Urban Dead is a new browser-based MMORPG that’s become popular recently. I’m not planning to talk about the game itself, at least not until I’ve played it a bit!, but there’s something worth noting here — a cheat called Groove Theory:

Groove Theory was a cheat for Urban Dead that claimed to exploit an apparent lack [sic] of a random number generator in the game, [so] that performing an action exactly eight seconds after a successful action would also be successful.

Kevan, the Urban Dead developer, confirmed that Groove Theory did indeed work, and made this comment after fixing the bug:

There is some pattern to the random numbers, playing around with them; “srand(time())” actually brings back some pretty terrible patterns, and an eight-second wait will catch some of these.

So — here’s my guess as to how this happened.

It appears that Urban Dead is implemented as a CGI script. I’ll speculate that somewhere near the top of the script, there’s a line of code along the lines of srand(time()), as Kevan mentioned. With a sufficiently fast network connection, and a sufficiently unloaded server, you can be reasonably sure that hitting “Refresh” will cause that srand call to be executed on the server within a fraction of a second of your button-press. In other words, through careful timing, the remote user can force the pseudo-random-number generator used to implement rand() into a desired set of states!

As this perl script demonstrates, the output from perl’s rand() is perfectly periodic in its low bits on a modern Linux machine, if constantly reseeded using srand()the demo script’s output decrements from 3 to 0 by 1 every 2 seconds, then repeats the cycle, indefinitely.

I don’t know if Urban Dead is a perl script, PHP, or whatever; but whatever language it’s written in, I’d guess that language uses the same PRNG implementation as perl is using on my Linux box.

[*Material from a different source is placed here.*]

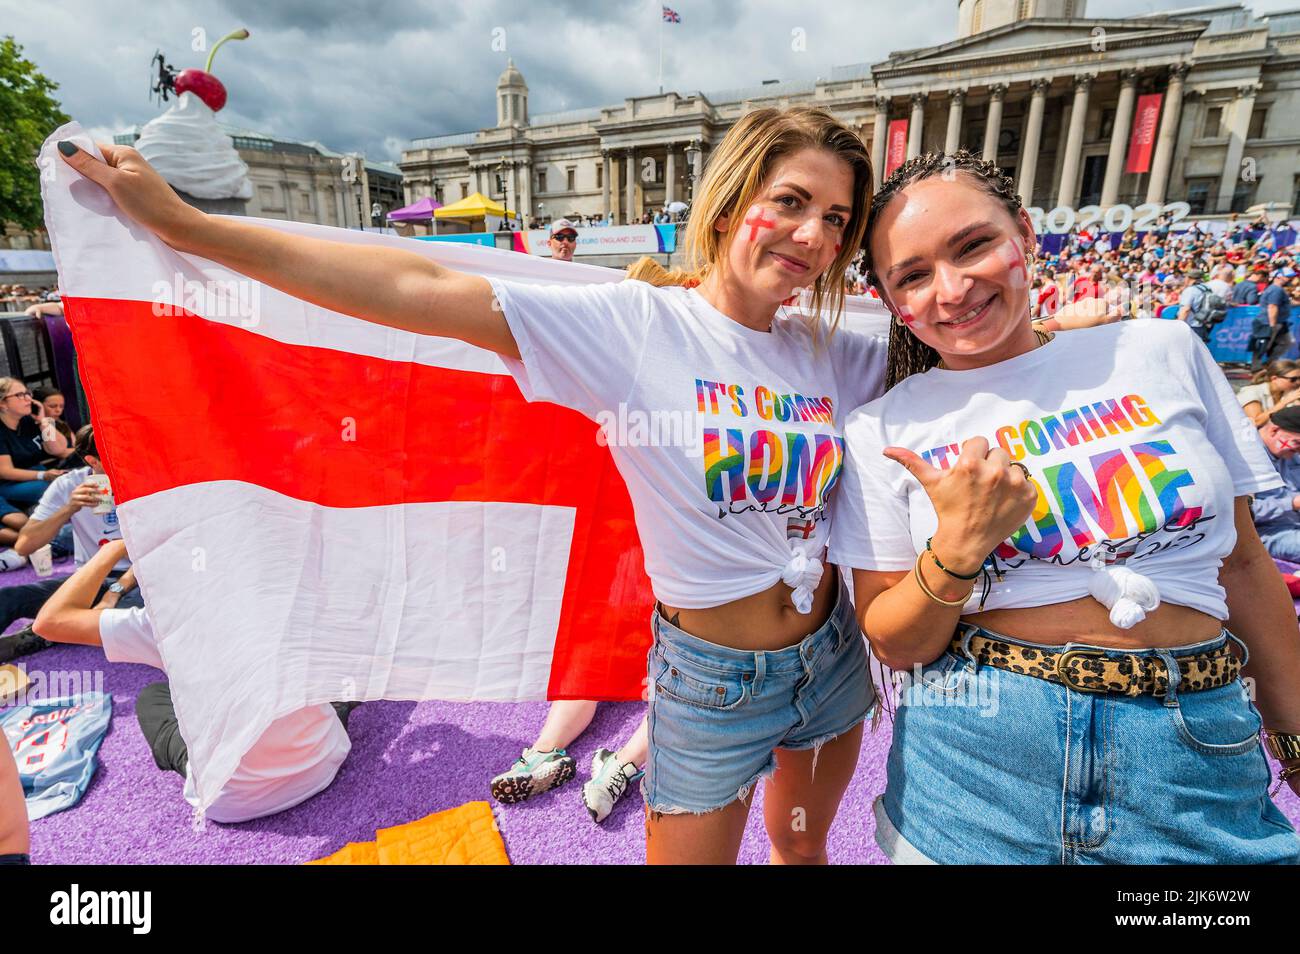 London, UK. 31st July, 2022. Its coming home - England v Germany UEFA Women's EURO 2022 final match fanzone in Trafalgar Square. Organised by the Mayor of London Sadiq Khan, and tournament organisers. It offered free access for up to 7,000 supporters. Credit: Guy Bell/Alamy Live News Stock Photo

As it turns out, this PRNG failing is pretty well-documented in the manual page for rand(3):

on older rand() implementations, and on current implementations on different systems, the lower-order bits are much less random than the higher-order bits. Do not use this function in applications intended to be portable when good randomness is needed.

That manual page also quotes Numerical Recipes in C: The Art of Scientific Computing (William H. Press, Brian P. Flannery, Saul A. Teukolsky, William T. Vetterling; New York: Cambridge University Press, 1992 (2nd ed., p. 277)) as noting:

“If you want to generate a random integer between 1 and 10, you should always do it by using high-order bits, as in

j=1+(int) (10.0*rand()/(RAND_MAX+1.0));

and never by anything resembling

j=1+(rand() % 10);

(which uses lower-order bits).”

I think Groove Theory demonstrates this nicely!

Update: I need to be clearer here.

Most of the Groove Theory issue is caused by the repeated use of srand(). If the script could be seeded once, instead of at every request, or if the seed data came from a secure, non-predictable source like /dev/random, things would be a lot safer.

However, the behaviour of rand() is still an issue though, due to how it’s implemented. The classic UNIX rand() uses the srand() seed directly, to entirely replace the linear congruential PRNG’s state; on top of that, the arithmentic used means that the low-order bits have an extremely obvious, repeating, simple pattern, mapping directly to that seed’s value. This is what gives Groove Theory its practicability by a human, without computer aid; with a more complex algorithm, it’d still be guessable with the aid of a computer, but with the simple PRNG, it’s guessable, unaided.

Update 2: as noted in a comment, Linux glibc’s rand(3) is apparently quite good at producing decent numbers. However, perl’s rand() function doesn’t use that; it uses drand48(), which in glibc is still a linear congruential PRNG and displays the ‘low randomness in low-order bits’ behaviour.